[[ SOURCE MATERIAL, beginning ]]

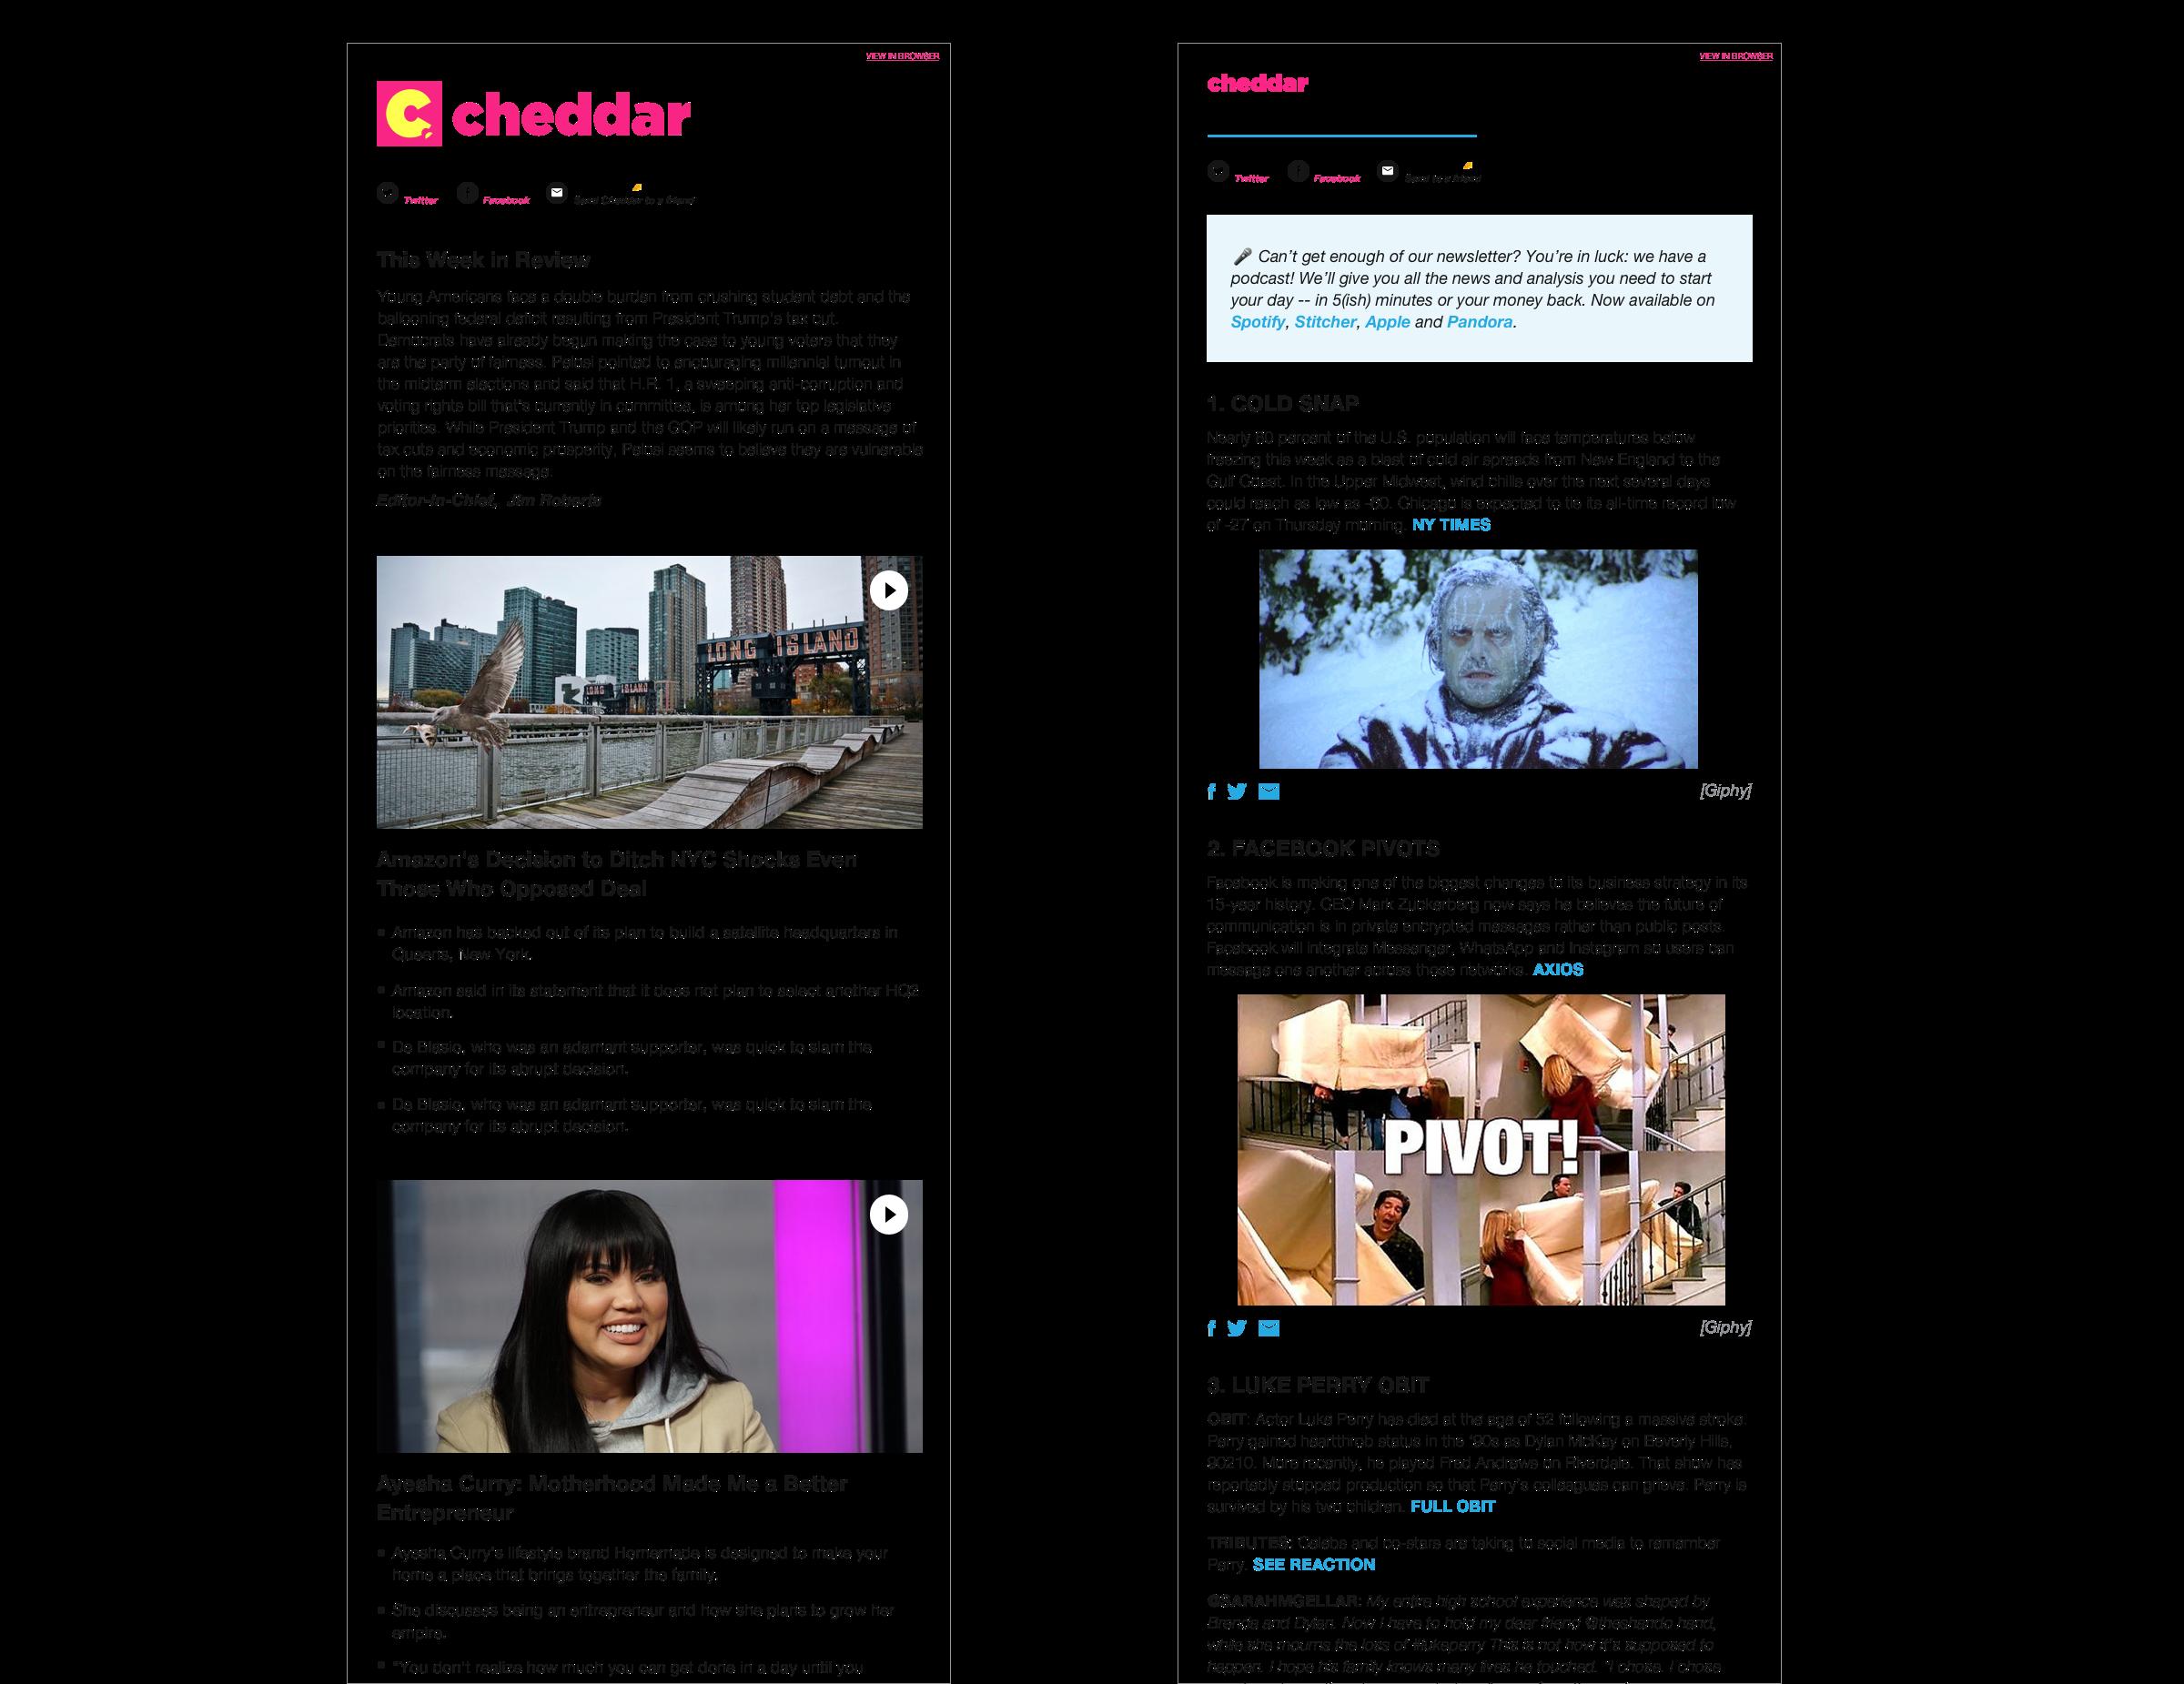 cheddar newsletters
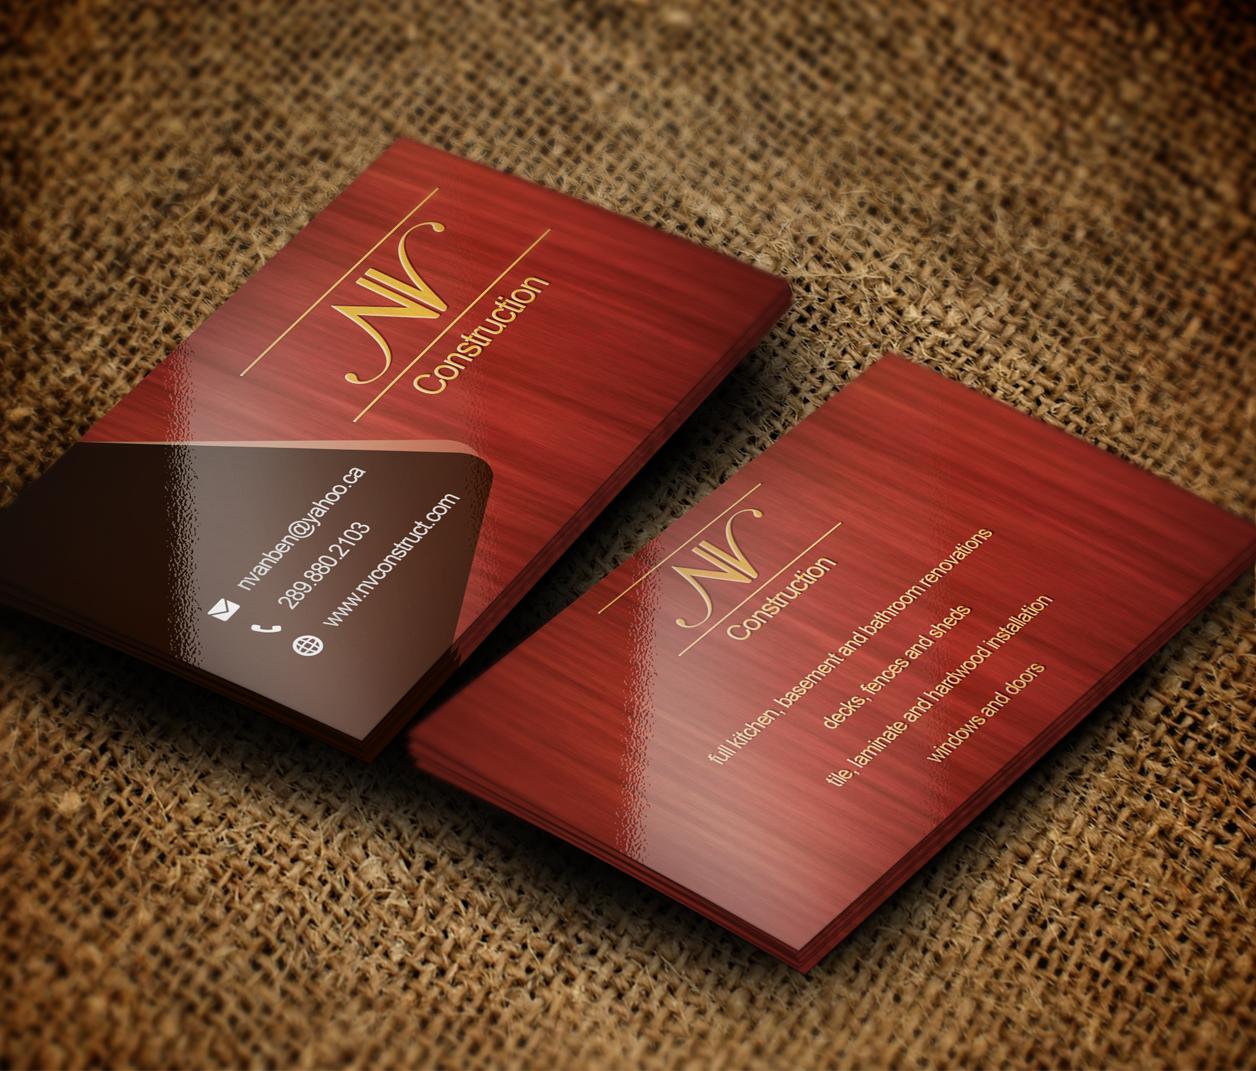 Elegant playful business card design for nate vanbenthem by business card design by stefan for home renovation business needs a logo and business card design magicingreecefo Gallery
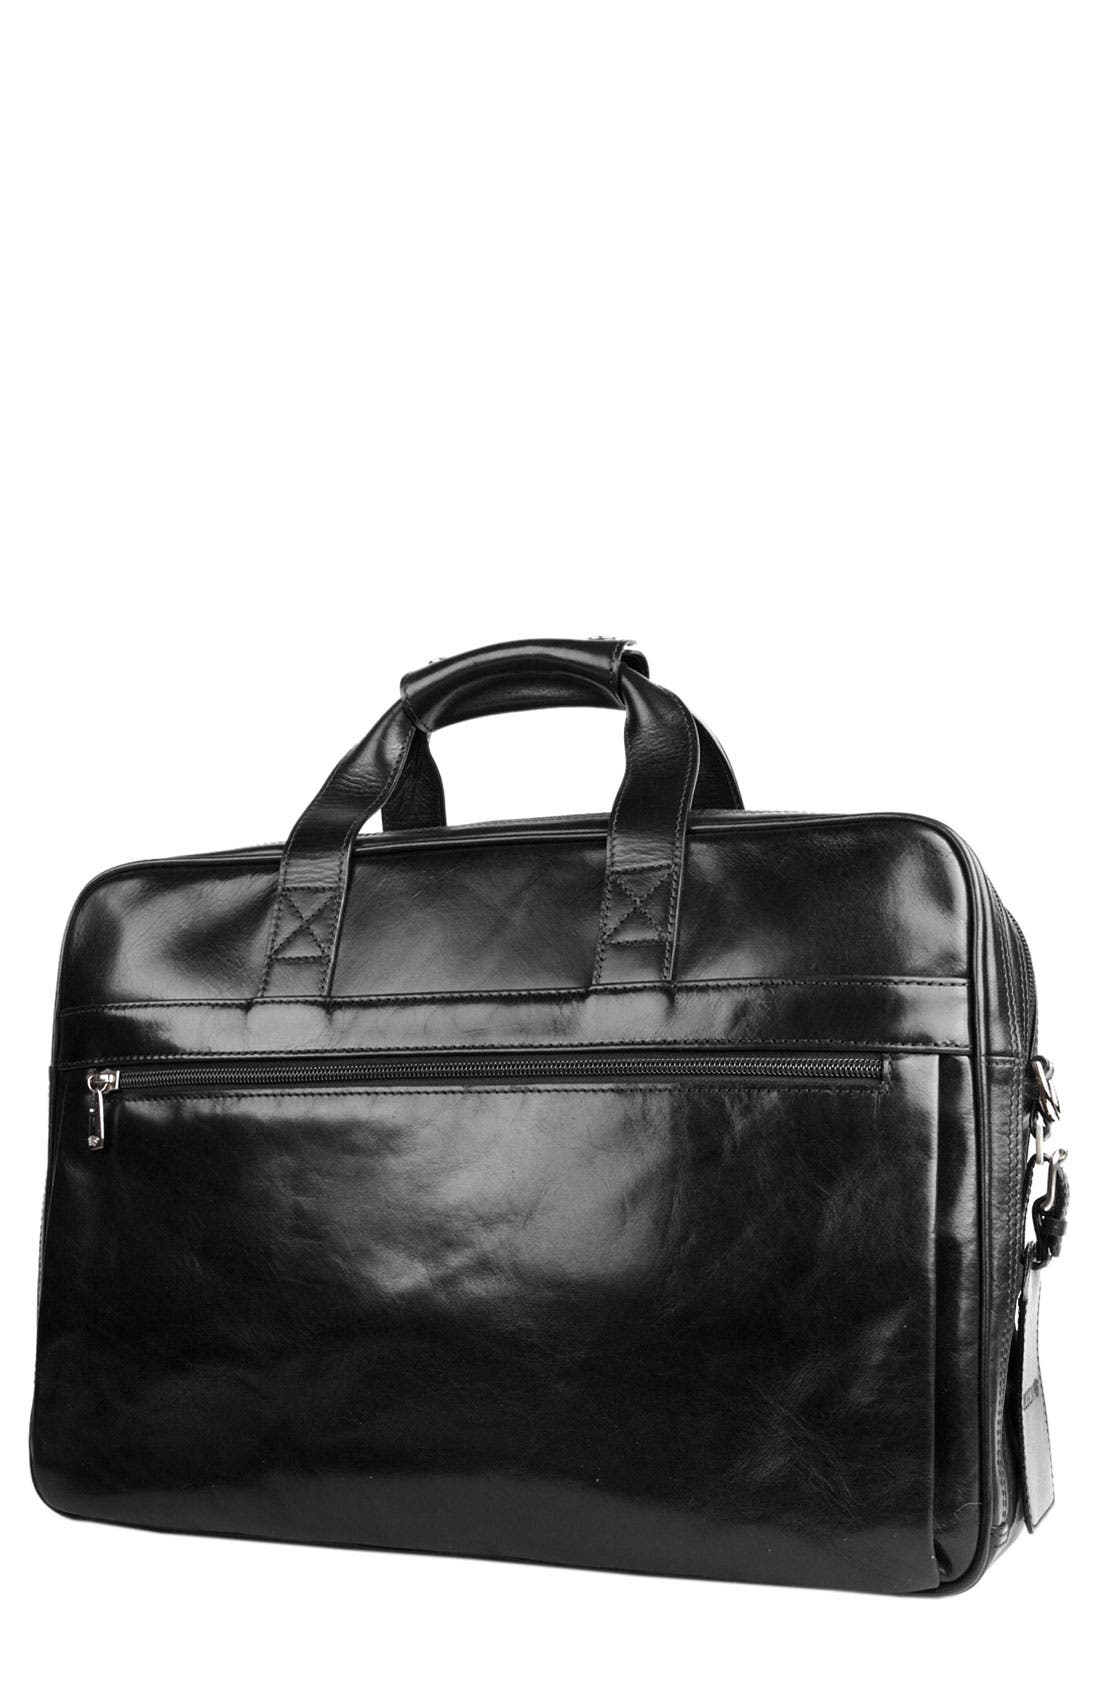 Double Compartment Leather Briefcase,                         Main,                         color, Black

[[ SOURCE MATERIAL, end ]]

**EXERCISE REQUIREMENTS:**
From the first line to the last, copy the listing above exactly and leave out the images.

**ANSWER FOR THIS EXERCISE:**
 cheddar newsletters
 Elegant playful business card design for nate vanbenthem by business card design by stefan for home renovation business needs a logo and business card design magicingreecefo Gallery
 Double Compartment Leather Briefcase,                         Main,                         color, Black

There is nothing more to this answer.